I've just listened to a great interview with Paul Graham [0] and realized that I don't fit into YC: I am over 30. I've worked as a developer / consultant so my cost of living is high. And I've two kids so I am not as mobile when I was 19.
So I want to startup and an idea, a co-founder and a working prototype are there. We do this currently at night and want to pursue this at daytime.
I would love to do something like YC but I just can't. So what are the alternatives? Just look for some angels? But where?<p>[0]: http://www.econtalk.org/archives/2009/08/graham_on_start.html
======
jacquesm
For one, you should probably tell where you're located, conditions vary quite
a bit depending on location.

The reason why I think YC concentrates on younger people is twofold, for one
they are not under enormous pressure to make money because they don't have a
lot of responsibilities, thus reducing the burnrate (imho this is actually an
asset for an older person!), second, you are not 'free' to move to wherever YC
is because of your prior commitments.

Again, depending on your location I'd try to find out if there is a local
'club' of angel investors, possibly a local VC (you already have a working
demo, you could consider pitching it).

One more option would be to mortgage your house and pool your savings but with
the failure rate of startups being what it is I would be very careful before
doing something dramatic like that.

Another big question is the quantity of money that you will need in order to
get off the ground, and how long you expect to take before hitting break even.

------
nuweborder
Bootstrapping is a great idea. Check out sites such as
<http://www.elance.com>, <http://www.guru.com>, and <http://www.odesk.com> to
find a reliable programmer. Word of advice. You will find your biggest savings
with programmers located in Asia and India, as opposed to the U.S. and Europe
based companies. I saved 90% on my programming this way. Just make sure you
explain exactly what you want done, what you expect, and check credentials and
previous work.

When searching for Angels, you can checkout <http://www.crunchbase.com> to
view what Angels and VCs are investing in your competitors, as well as to do
research on the competition and companies and founders that you like and
admire.

You can find some local Angels, VC and helpful entrepreneurs though
<http://www.meetup.com>, and <http://www.partnerup.com>.

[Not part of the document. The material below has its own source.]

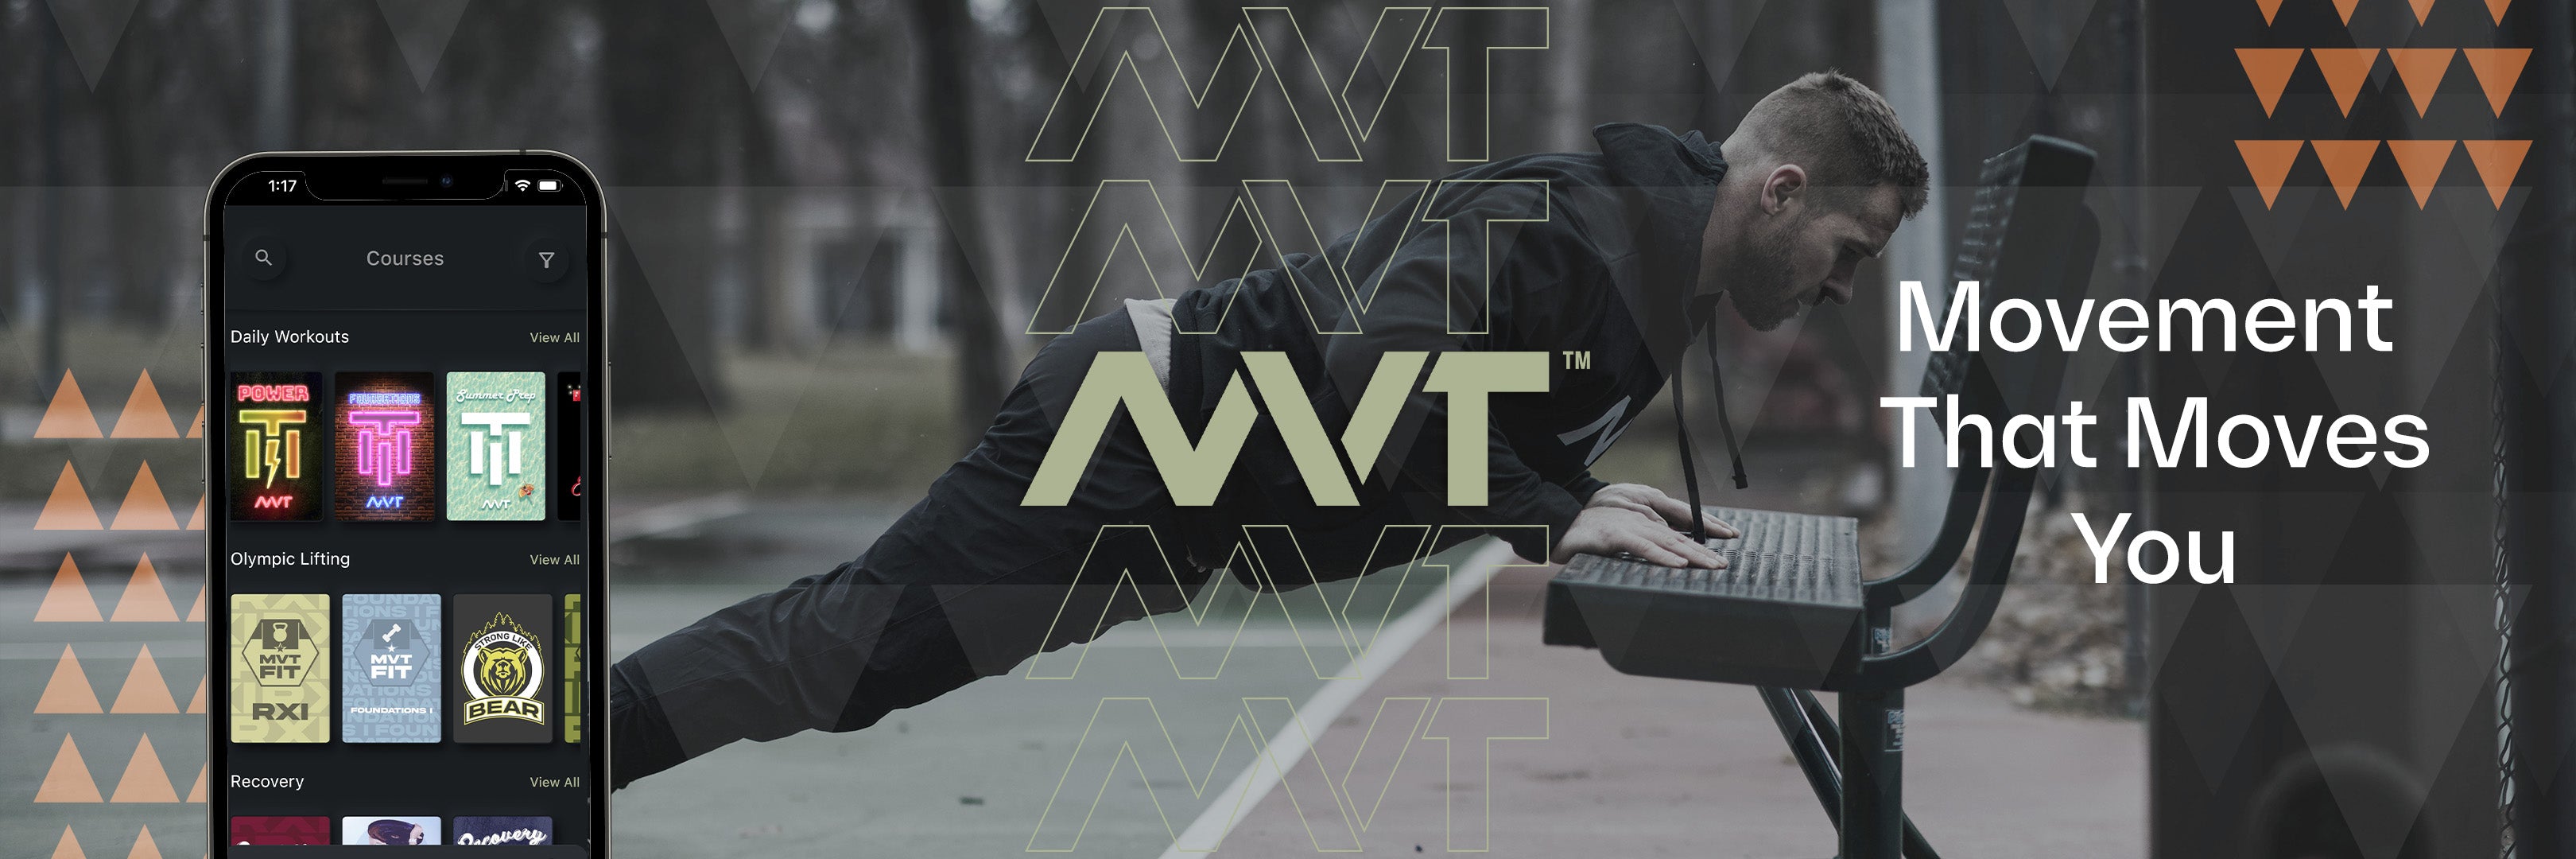 MVT Fitness App. Movement that moves you

Lastly, share your ideas and get valuable feedback from people that can help
you improve it, at sites such as <http://www.ideaoffer.com>,
<http://www.ideablob.com>, and <http://www.blubstorm.com>. Just make sure to
keep your ideas guarded and protect your intellectual investment in yourself
and your startup. You can even get paid for lending your creative opinions to
others on IdeaOffer. That extra cash can help you bootstrap your idea.

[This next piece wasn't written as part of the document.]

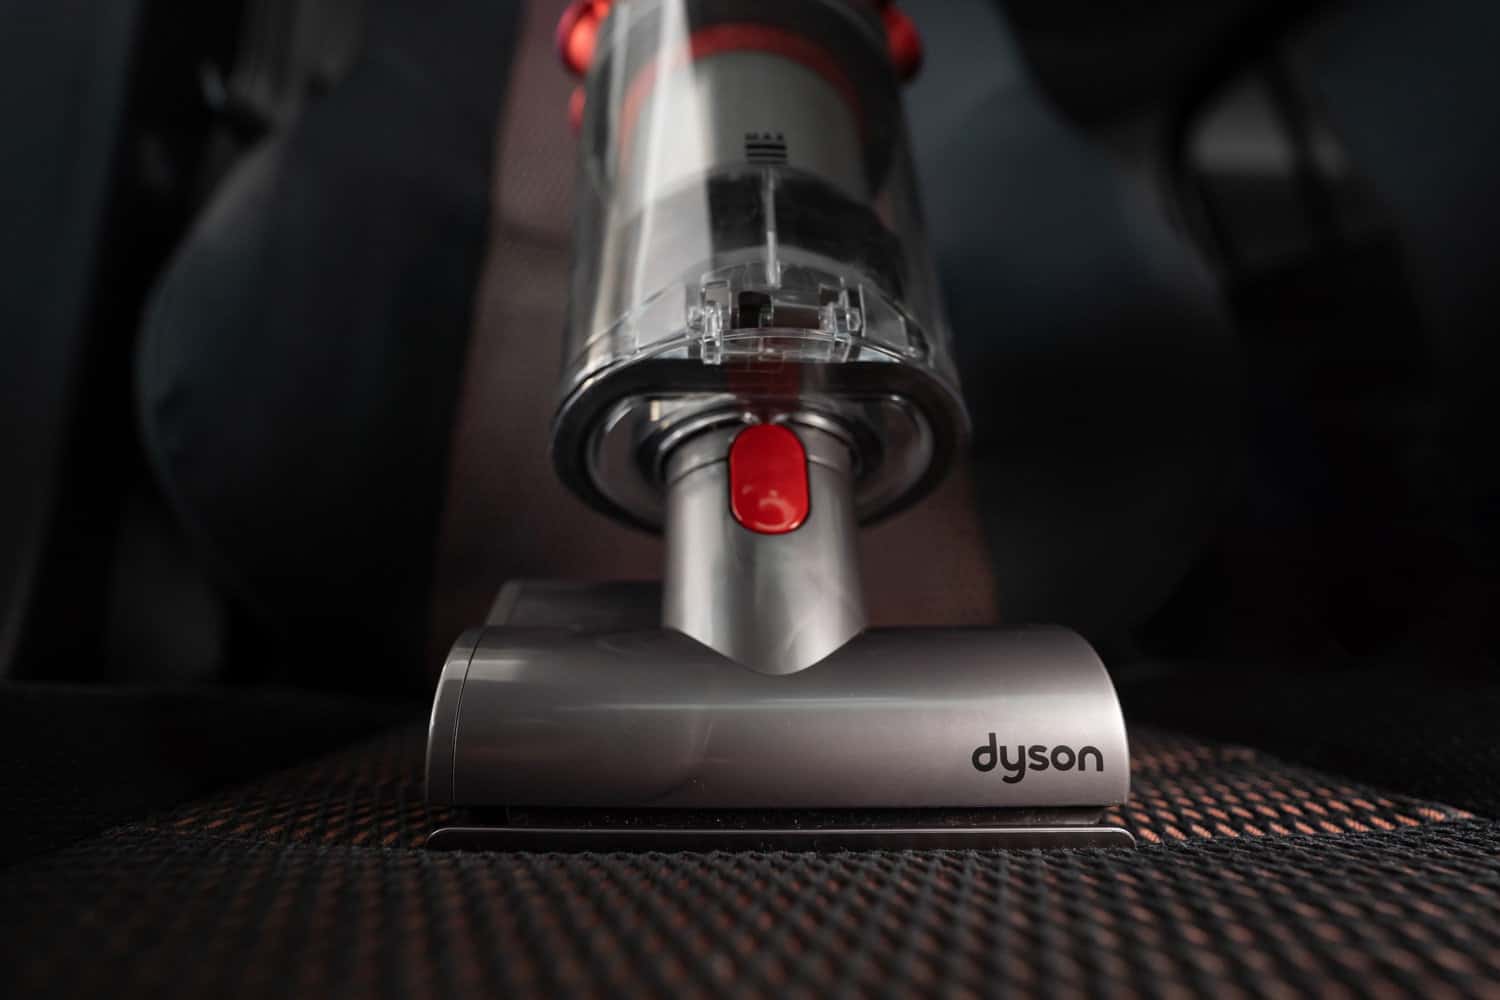 Close up of the Mini motorhead of Dyson Cyclone V10 Fluffy vacuum cleaner on car seats with car interior background. Ready for cleaning

Hope I could be of some help to you. Good luck.

------
noodle
1) keep working on it at night until it becomes profitable enough that you can
work on it in the daytime. bootstrapping is usually the best idea for people
who have heavy responsibilities.

2) if you truly believe in your idea, you could take out a loan and use that
to fund your project. depending on how much $ you need and what your savings
and responsibilities look like, this isn't necessarily the best idea.

3) a more middle ground would be to transition to a freelance or part-time
position that allows you to spend more time during the day working on your
project while still providing you with an exterior source of income. could
combine that with #2, as well.

4) look for a more local alternative to YC. they might not be as good, but
they could provide you an alternative that doesn't require you to disrupt your
responsibilities. there are quite a few (you would, naturally, need to figure
out whats near you): seedcamp, techstars, launchbox, boostphase, founders co-
op, capital factory, dreamit, hitforge.

5) search for a local VC or angel investor firm/group/etc. that might be
willing to hear a pitch from you.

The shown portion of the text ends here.